The researchers also tested whether an app, accessed on a smartphone, would be capable of analyzing tattoo colors to gauge blood pH, glucose, or albumin levels. The app requires the user to take a photo of their tattoo with their phone’s camera before it would be able to analyze the tattoo’s color. Specific calibrations play a part in the app’s ability to evaluate the shade, brightness, and saturation of the tattoo.

“If it works as well on a real human body as it does in the test system with pieces of pig skin, it could allow people to integrate blood biomarker levels with other digital heath data that they already collect with their smartphones,” said Eva Amsen in the Forbes article “Are Color-Changing Tattoos The Future Of Health Monitoring?”

Current Implications and Future Applications

One challenge that researchers are determined to overcome is making the ink color changes reversible. The pH-sensing ink stands alone as the only dye able to return to its original color. The dyes developed to detect glucose and albumin are only able to change one time and cannot return to their original color, even if the respective biomarkers revert to their original levels. This issue will need to be addressed before the technology can be broadly introduced and expanded to wider functions.

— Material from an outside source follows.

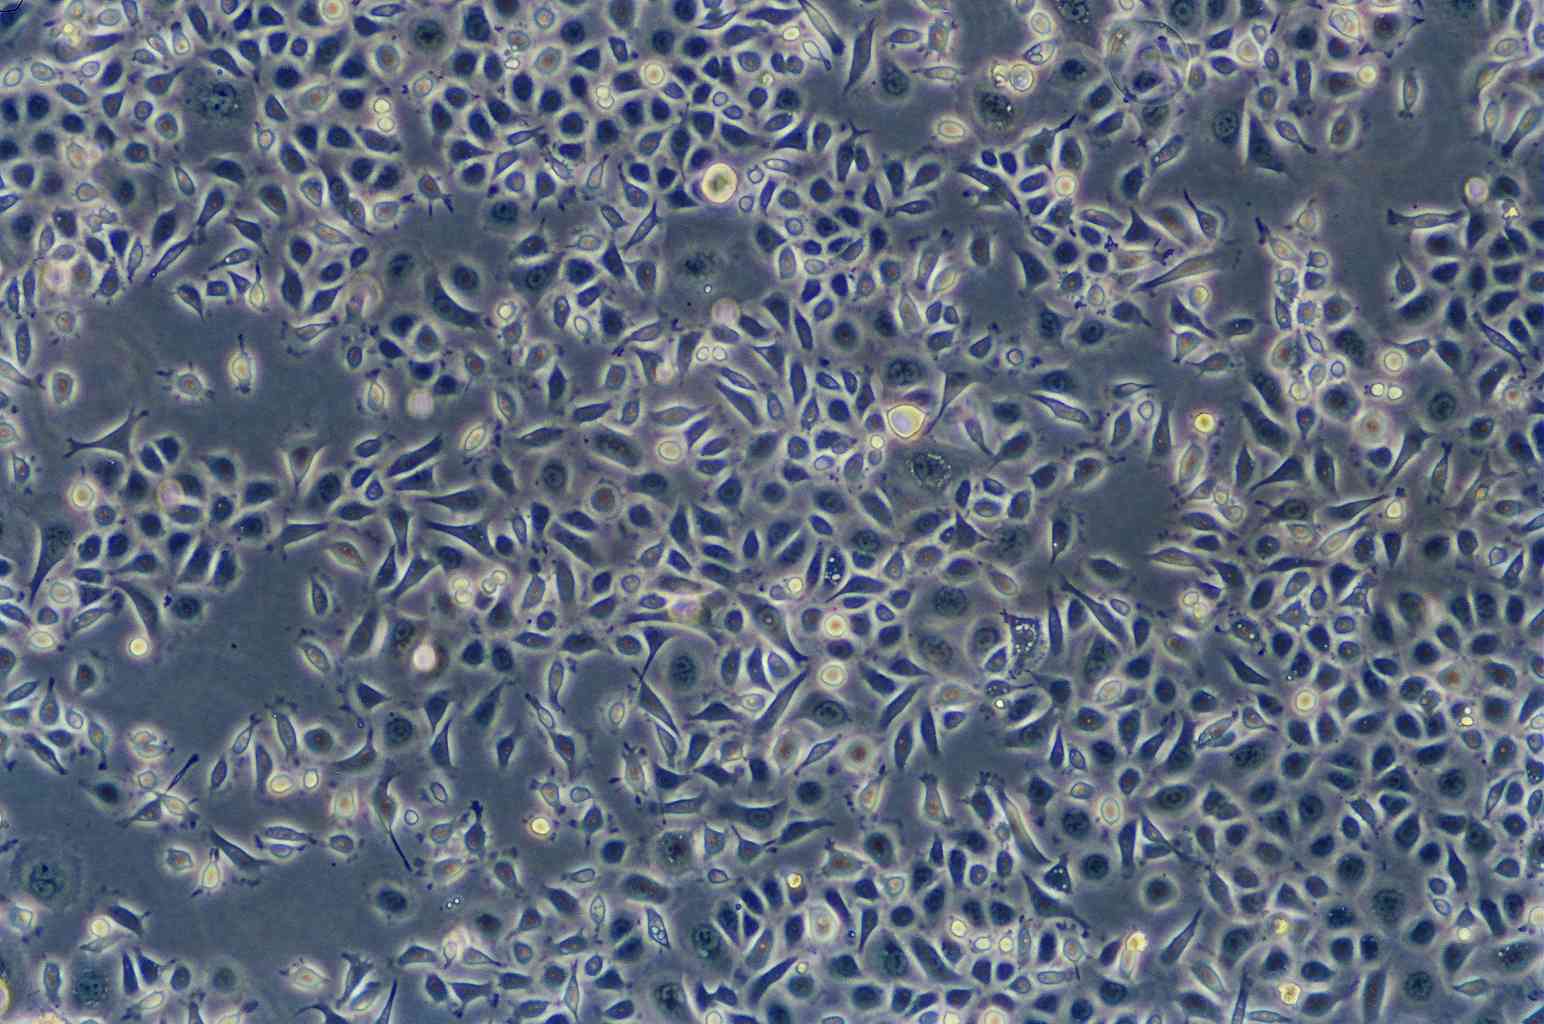 SK-N-BE(2) Cells(赠送Str鉴定报告)|人神经母细胞瘤细胞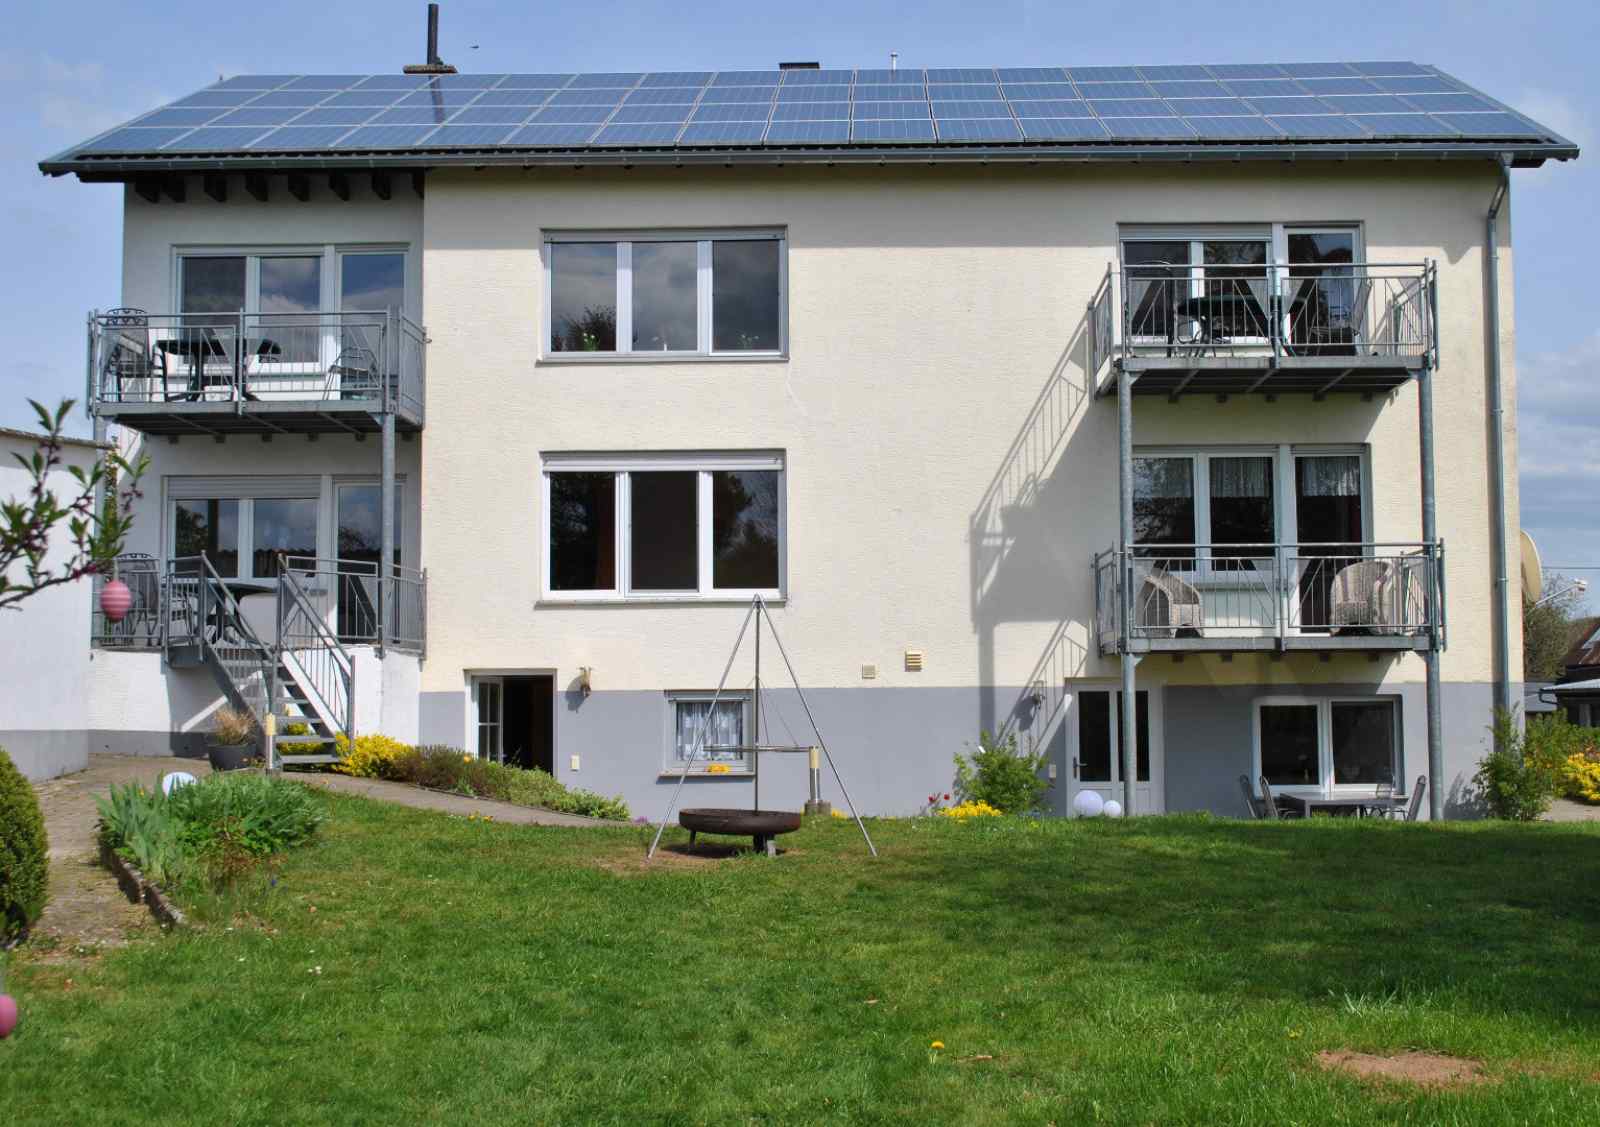 Heerlijkehuisjes.nl Mooi 4 persoons appartement in een idyllisch dorp in de Eifel - Duitsland - Europa - Oberscheidweiler

“The applications of the sensors can be extended to the detection of electrolytes, proteins, pathogenic microorganisms, gases, and dehydration status,” Yetisen’s team told News Medical Life Science in “New color-changing tattoos can monitor glucose levels and other metabolites in real-time” by Lois Zoppi.

These metamorphic tattoos have yet to be tested on humans, so you’ll have to wait a little longer to monitor your health with a personally designed, life-long wearable.


Discussion Questions

  • What other health conditions or diseases could be monitored with color-changing tattoos?
  • What questions would you ask Yetisen and his team about the challenges of color-changing ink on human skin?